Before, During, and After Active Reading Strategies

Improve comprehension, retention, and ability to use and respond to readings

Before Reading Activities

1.  Understand your reading situation/purpose

Know whether you’re reading to master a topic for a test, to learn a skill, to find a piece of information, to encounter diverse viewpoints, to respond in discussion or writing, or for some other purpose.

Adjust your reading speed and focus accordingly.

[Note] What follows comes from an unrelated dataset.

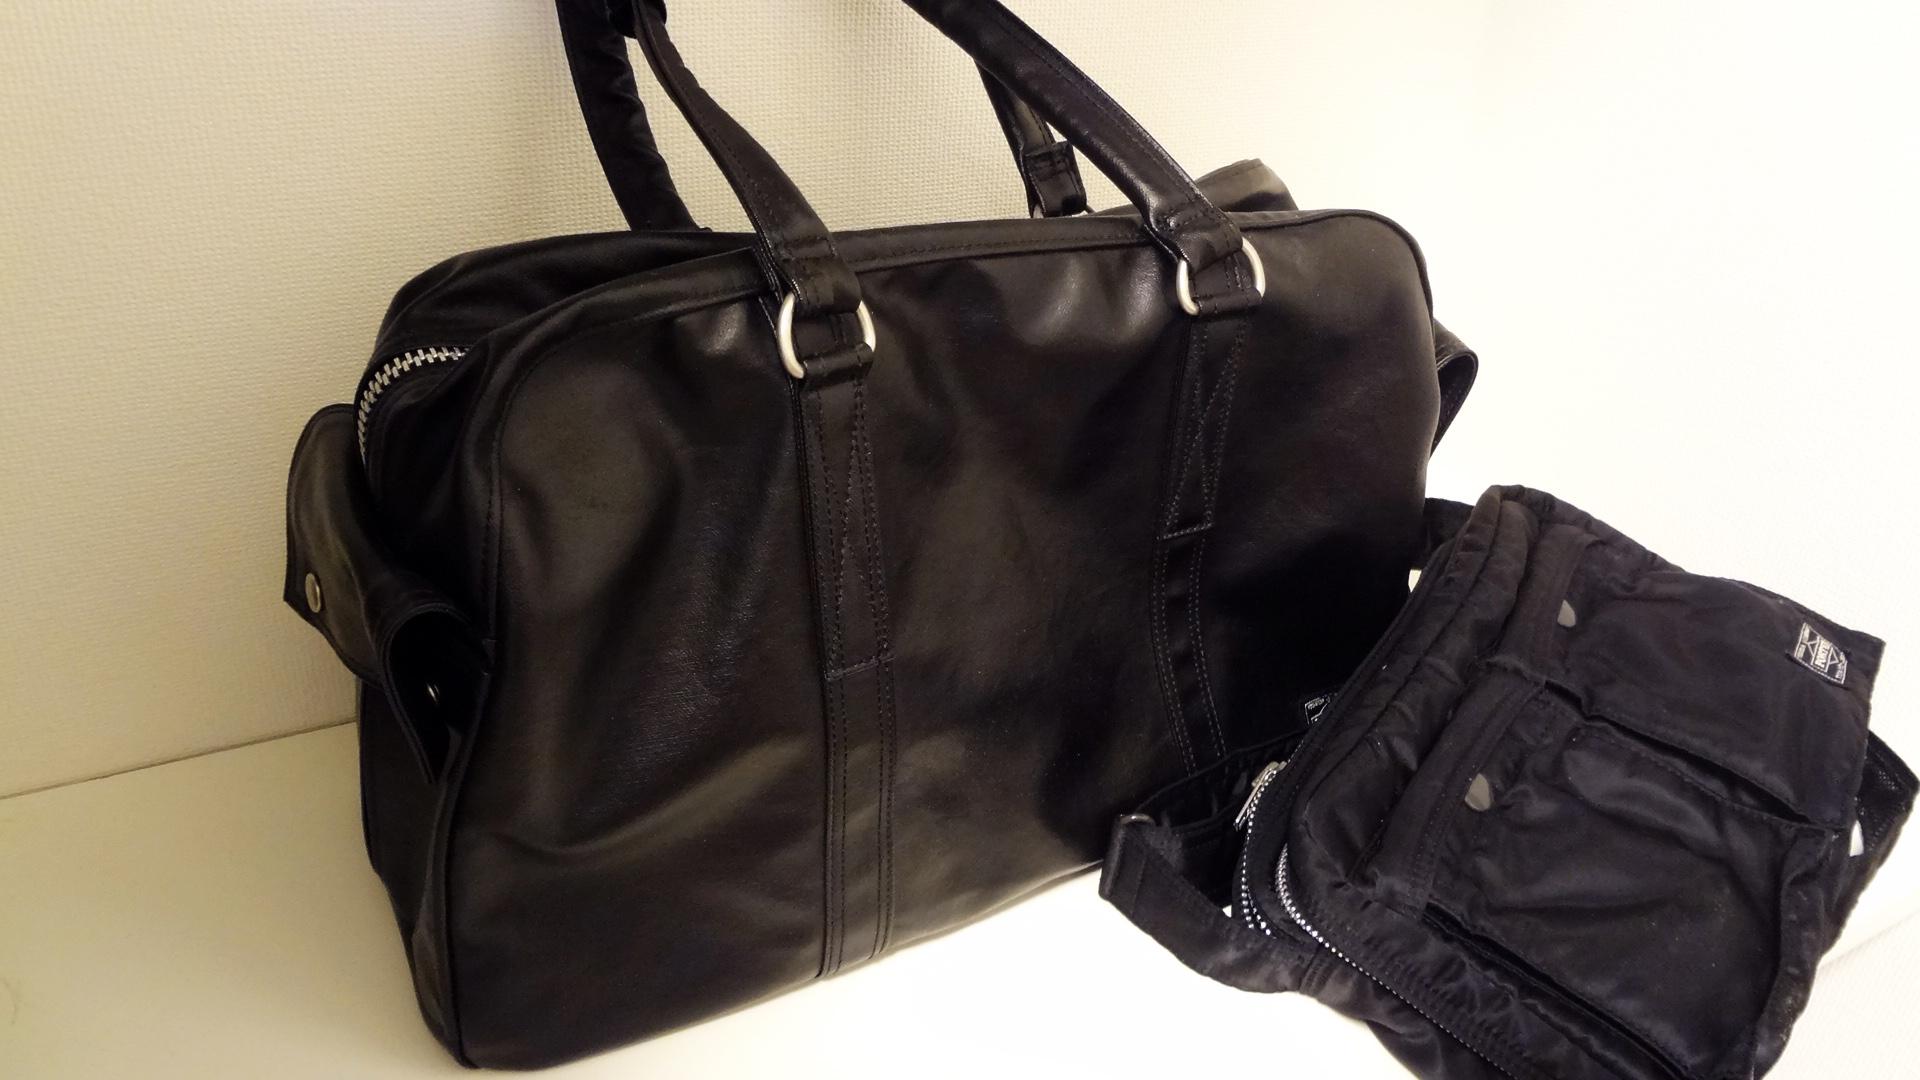 【メンズ】バッグの所持数は平均どれくらい?最低何個持つべき?

2. Activate your knowledge/create expectations

  • Read the abstract to identify the topic, hypothesis, problem, or question, methods, findings, and implications of the reading
  • Find the keywords list to identify important concepts
  • Free write about the title
  • Write down anything you think you know about the subject
  • Speculate, wonder, make predictions
  • Guess the argument
  • Write questions you want answered in the reading
  • Set reading goals
    • what do you want to learn?
    • what do you need to know?
    • why does this matter for your work?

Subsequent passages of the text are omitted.